This thread has been locked.

If you have a related question, please click the "Ask a related question" button in the top right corner. The newly created question will be automatically linked to this question.

RPE in DVRRDK runs much slower than RPE in EZSDK???



Hi,

   I am now developing the DSP algorithm for EVM8168.  Packaging my own algorithm into an xDM-compliant form, I have successfully gotten my algorithm validated in the EZSDK5.05 with the RPE framework.  Fortunately, the performance of my algorithm meets our demand:  It takes about 50ms for the "Rpe_process()" to process a single frame by invoking my xDM algorithm.

   However, when such an identical xDM algorithm was integrated, similarly using the RPE framework, into the DVRRDK4.0 demo, we need 500ms for a single frame processing!

   These results made me confused.  I supposed that such issue might be about DSP caching.  Meanwhile, the differences in configuration of Memory Map between EZSDK and DVRRDK is another case which may be responsible for the different performance.

   I am not sure about the real cause of this issue.  Could you give me a hand?  Actually, I always regard the DVRRDK as a well-organized and high performance software kit.

Naroah

Nov/21/2013

  • This should be issue with caching. Ensure your algorithm buffers and the input / output buffers are allocated from cached memory. In DVR RDK SharedRegion 0 is non-cached whereas in ezsdk I think it is cached. Refer DVR RDK RPE example and use SharedRegion 1 for both RPE algorithm input/output buffers and ensure the XDM algorithms internal buffers are also allocated from cached memory.

  • Hi Badri,

         Thank you for your reply.

         Actually, the memory allocation function we employed is the same with that in DVRRDK AAC codec demo, say, "Void *Audio_allocateSharedRegionBuf (Int32 bufSize)". And the heap name is "SR_FRAME_BUFFERS_ID", which I considered as ShareRegion1, as it said that "#define SR_FRAME_BUFFERS_ID     1" in audio_utils.c. 

          However, I am not sure whether SR1 is DSP cache enabled: when rebuilding the dvr_rdk, gmake would like to cast some MemMap information according to config_1G_256MLinux.bld.  This info, for instance, "(SR1 bitstream buffer Cached on A8.  Cached on M3, although access by DMAs)", never mentions which chunk of memory is cached by DSP.
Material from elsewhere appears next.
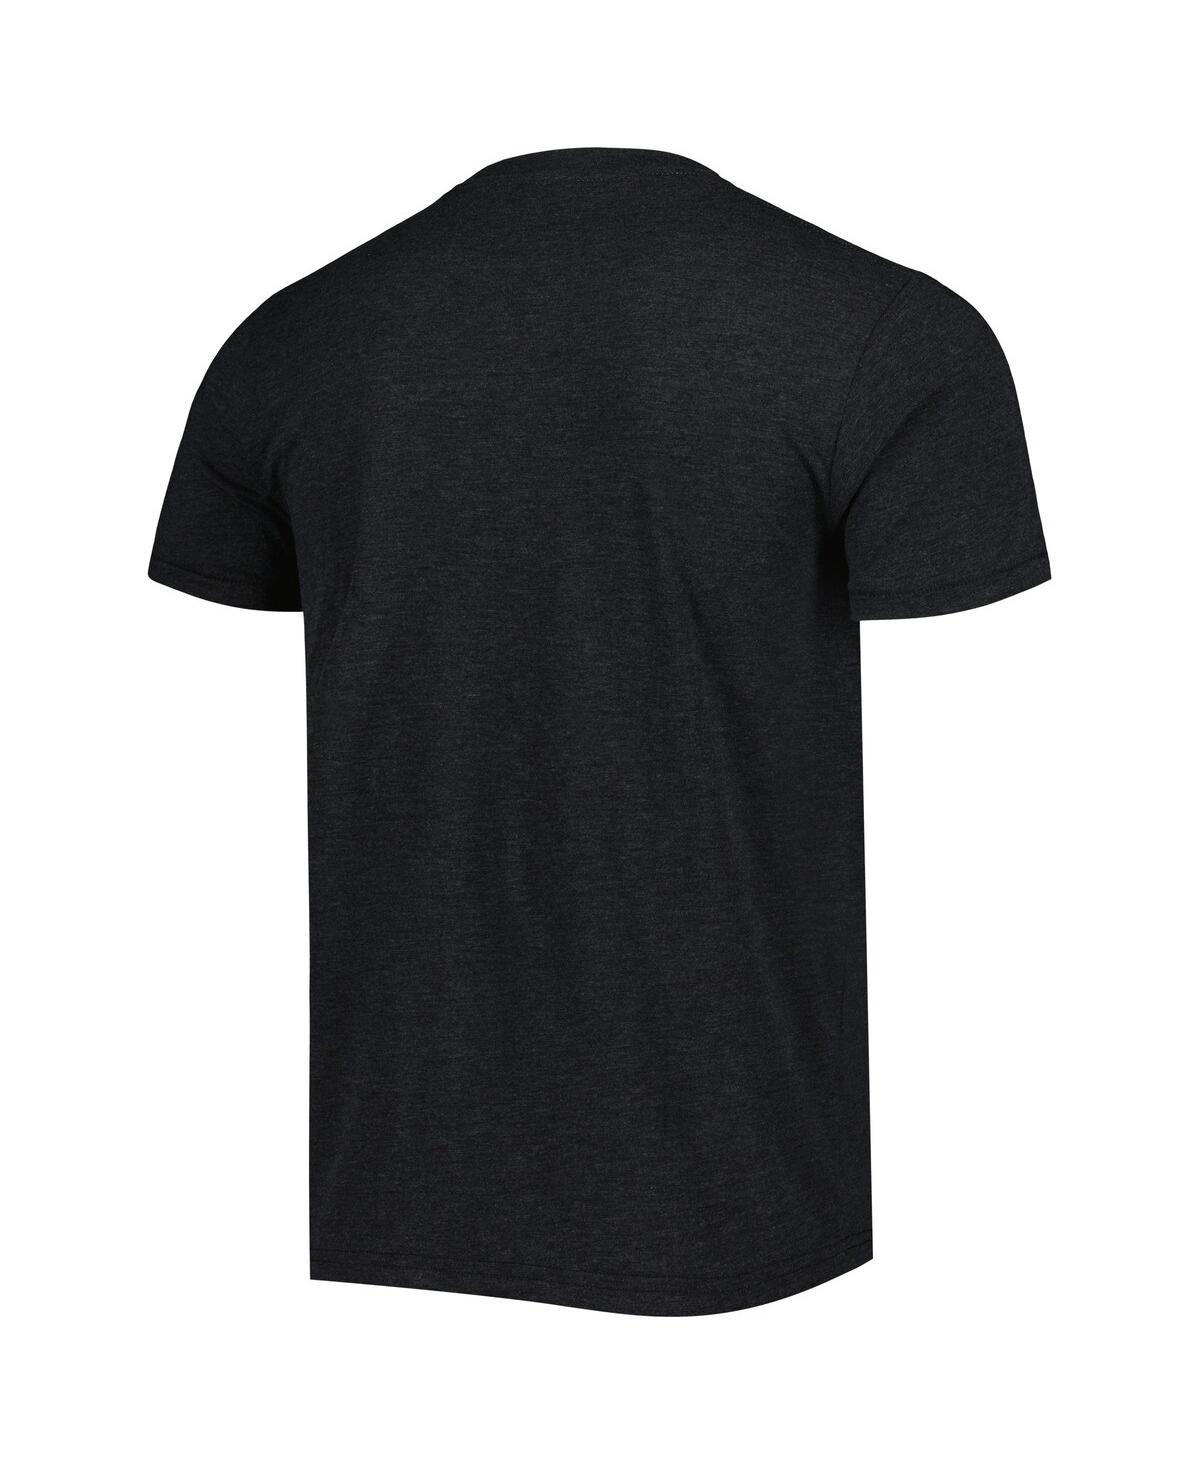 Shop Homage Men's  Black New Orleans Saints Superdome Hyper Local Tri-blend T-shirt

         How could I know the Cache status of my DSP and the memory?  Is it feasible for me to modifiy some configure files like config_1G_256MLinux.bld and thus to my algorithm work efficiently in DSP?  Since I don't familiar with such an configuration in DVRRDK, I wish your help.

          One more thing, I have allocated a 1920*1080Byte (= 2025KB) for inBuf and a 129600Byte (= 126.6KB) for outBuf.

          I am sincerely looking forward to your reply.

    Naroah

    Nov/22/2013

  • Hi Badri,
       According to what you mentioned, I have my DSP configure file rechecked.  I confirm that the Cache for SR1, which locates @ 0x9000_0000 is enabled by referencing to "FC_RMAN_IRES_c6xdsp.cfg":


    131 /* Disable caching for HWspinlock addresses */
    132 Cache.MAR0_31    = 0x00000000;
    133 Cache.MAR32_63   = 0x00000000;
    134 /* Config/EDMA registers cache disabled */
    135 Cache.MAR64_95   = 0x00000000;
    136 Cache.MAR96_127  = 0x00000000;

    ========== These lines below indicates SR1 is cached correctly ==========

    137 /* CPU access code and data  - 0x80000000 cache enable */
    138 Cache.MAR128_159 = 0xFFFFFFFF;
    139 /* TILER memory cache disabled  - 0xA0000000*/
    140 Cache.MAR160_191 = 0xFFFFFFFF;
    141 /* memory cache disabled  - 0xC0000000*/
    142 Cache.MAR192_223 = 0xFFFFFFFF;
    143 /* memory cache disabled  - 0xE0000000*/
    144 Cache.MAR224_255 = 0xFFFFFFFF;


       Furthermore, by modifying the MAR128_159 from 0xFFFF_FFFF into 0x0000_0000, I managed to get the SR1 cache DISABLED manually and explicitly.  Rebuilding the dvr_rdk, replacing the firmware binary (*.xe674)  and running my test application again, I sorrowly find that it takes OVER 2000ms for my algorithm to process a single frame!!!  It indicates that the 500ms-per-frame-result is definately a Cache-Enabled one, while a non-cache result would take the 2000ms-result instead.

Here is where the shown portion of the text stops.